KPB’de kullanılan oksijenatörler, doğal akciğere kıyasla CO2 uzaklaştırma kapasitesi tamamen farklı performansa sahiptir. Aslında, doğal akciğerin ventilasyon/perfüzyon (V/Q) oranı yaklaşık 0,8’dir (ortostatik pozisyonda akciğerin tepesinde daha yüksek ve altında daha düşüktür). Düşük pulmoner kan akışı durumunda olduğu gibi, bu oranın artması, PvCO2-ePCO2 gradyanı için koşulları yaratır. Buna karşılık, oksijenatörler, venöz kanı CO2 uzaklaştırma yeteneği çok daha yüksek bir verimliliğe sahiptir ve yaklaşık 0,4-0,5’lik optimum bir V/Q oranına sahiptir (13). Sonuç olarak, aşırı CO2 uzaklaştırmayı önlemek için, klinik uygulamada oksijenatöre gelen süpürme gazı karışımı akım (Qc)’nin %50’sini nadiren aşar. Oksijenatörlerin bu özelliği KPB sırasında VCO2 ölçümünde büyük avantaj sağlamaktadır (14).

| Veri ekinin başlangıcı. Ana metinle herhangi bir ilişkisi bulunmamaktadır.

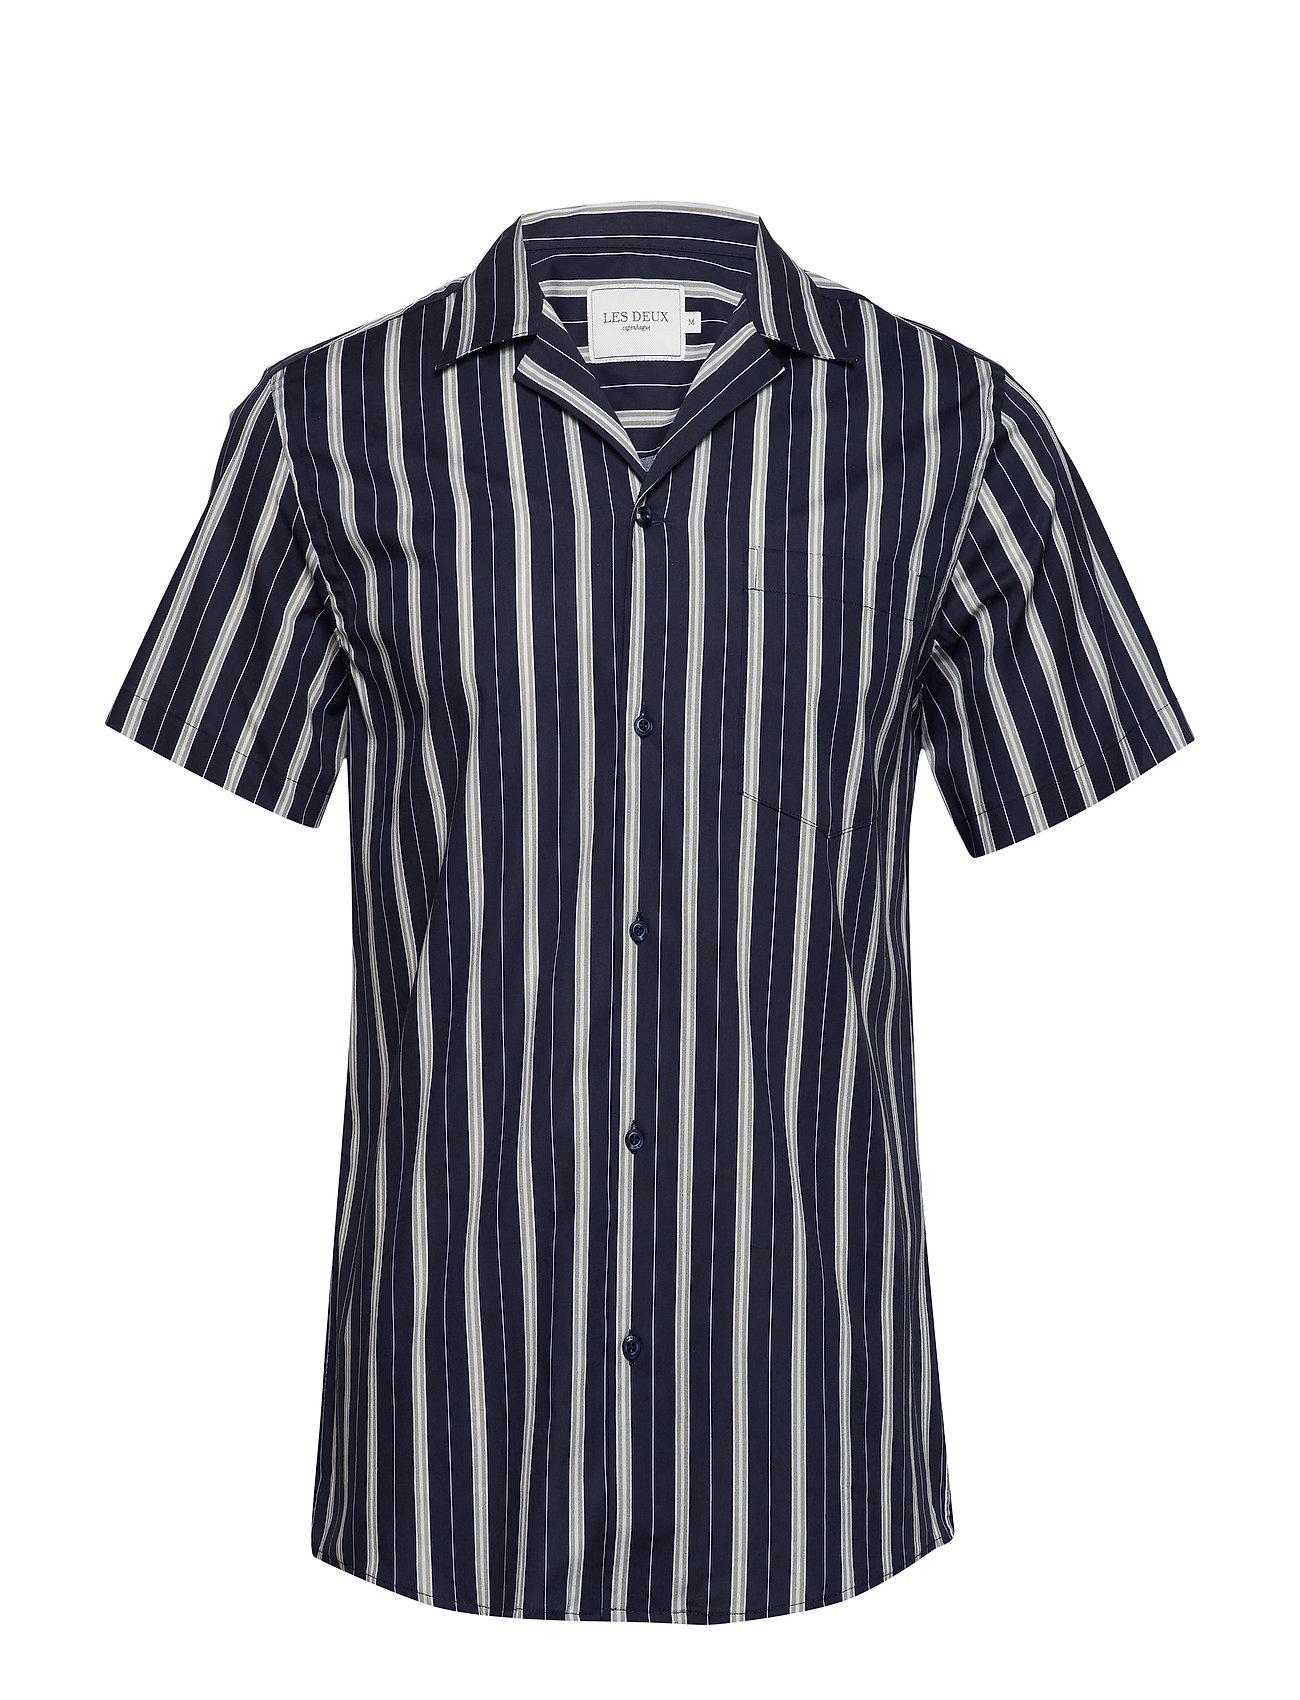 Les Deux Manny Shirt - DARK NAVY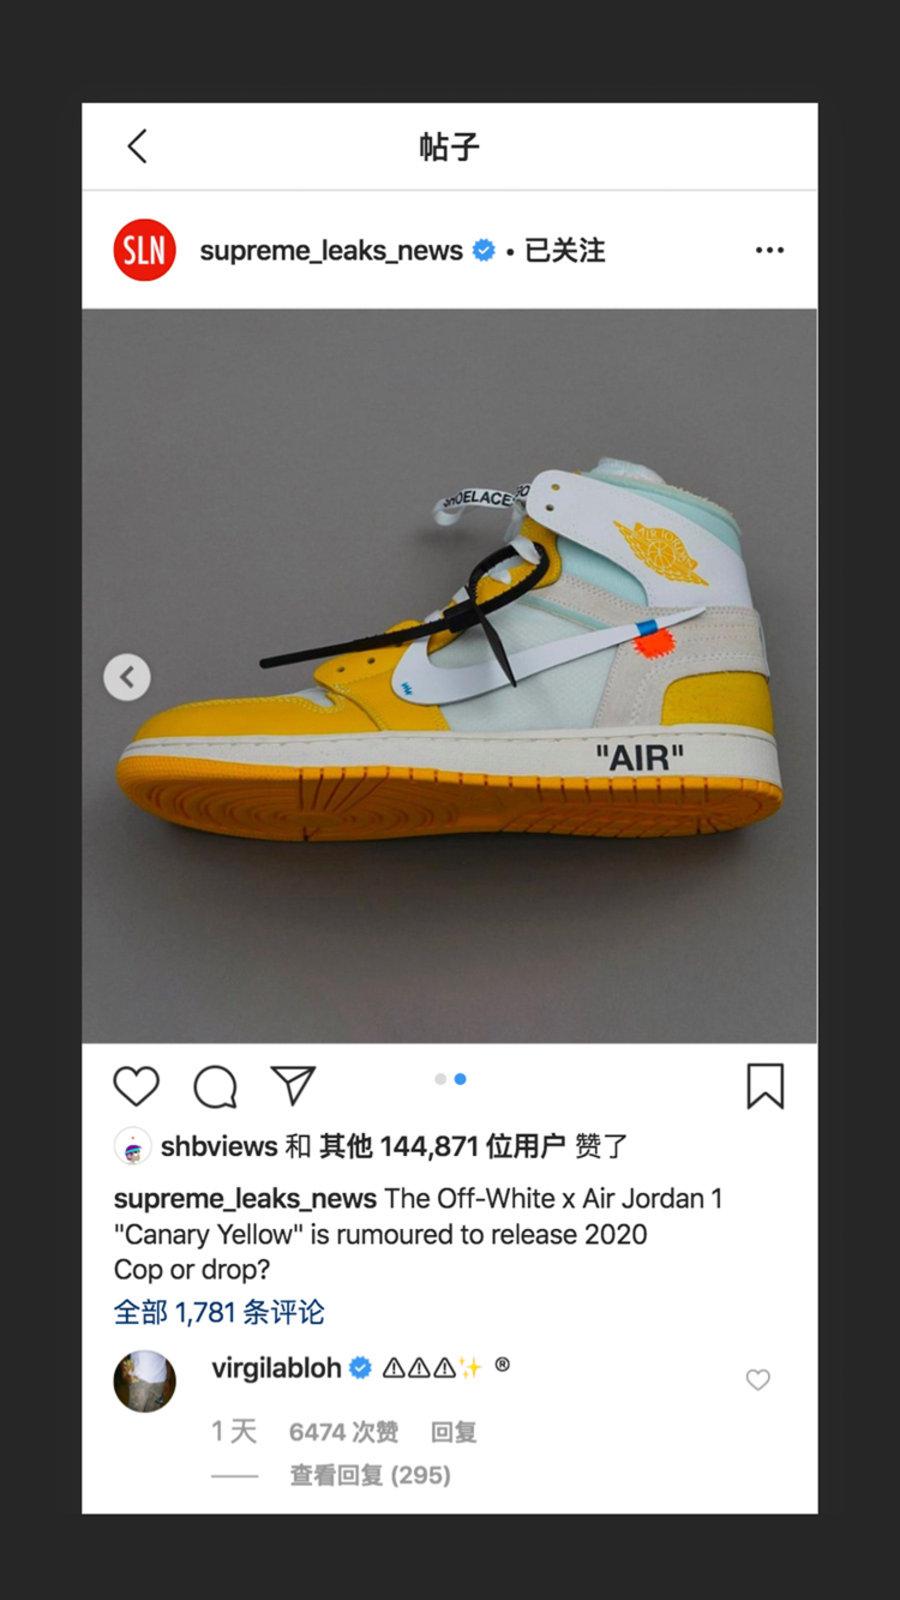 OFF-WHITE,AJ,AJ1,Canary Yellow 最新消息!白黄 OW x AJ1 将不会在 2020 年发售!因为...

VCO2 = Akım (Qc) X (Mix Venöz CO2 -Arter CO2)
O2Er
Oksijen ekstraksiyonu (O2ER), vücudun VO2 sistemik oksijen iletimine (DO2) oranıdır ve formülde gösterildiği gibi doku talebi durumuna göre perfüzyon tedarik verimliliğini yansıtır. Klinik olarak, baypas sırasında O2ER değerlerinin %27’den fazla yükselmesi, olası uç organ disfonksiyonu ile birlikte perfüzyon yetersizliğini yansıtmaktadır (15).
O2ER = VO2 / DO2
SvO2
SVO2, DO2, ile oksijen ihtiyacı arasındaki dengeyi yansıtır. SvO2 periferik organlardan O2 ekstraksiyonunu temsil eder ve bu nedenle DO2 azaldığında artar. Venöz dönüşün çok düşük bir metabolik hızda (kaslar gibi) organlardan gelmesi nedeniyle, bazı periferik organlar (splanknik bölge) düşük bir bölgesel SvO2’ye sahip olsa bile, sistemik SvO2 normal görünebilir (16). DO2, kalp debisi ve hematokrit ile belirlenirken, oksijen talebi gerçek metabolik durumu yansıtır. SvO2 değeri genel olarak %70 üzeri kabul edilmektedir.
Flow
Pompa kan akışı koşulları çok dinamiktir ve birçok sistematik koşula bağlıdır. Temel amaç, esas olarak farklı sıcaklıklarda dokuların ve organların fizyolojik ihtiyaçlarını karşılayan yeterli perfüzyon sağlamaktır (17). VYA değeri hastanın boyu ve kilosu kullanılarak her olgu için ayrı ayrı hesaplanmaktadır. Hastaya, hipotermi düzeyine ve prosedüre göre pompa kan akımı değeri hesaplandıktan sonra KPB’de hesaplanan değerlerde çalışılması aksi bir durum veya komplikasyon olmadığında elzemdir. Yukarıda yer alan formüllerden de anlaşılacağı gibi pompa kan akımı tüm HOP kriterlerinde temel hesaplama değerlerinden birisidir.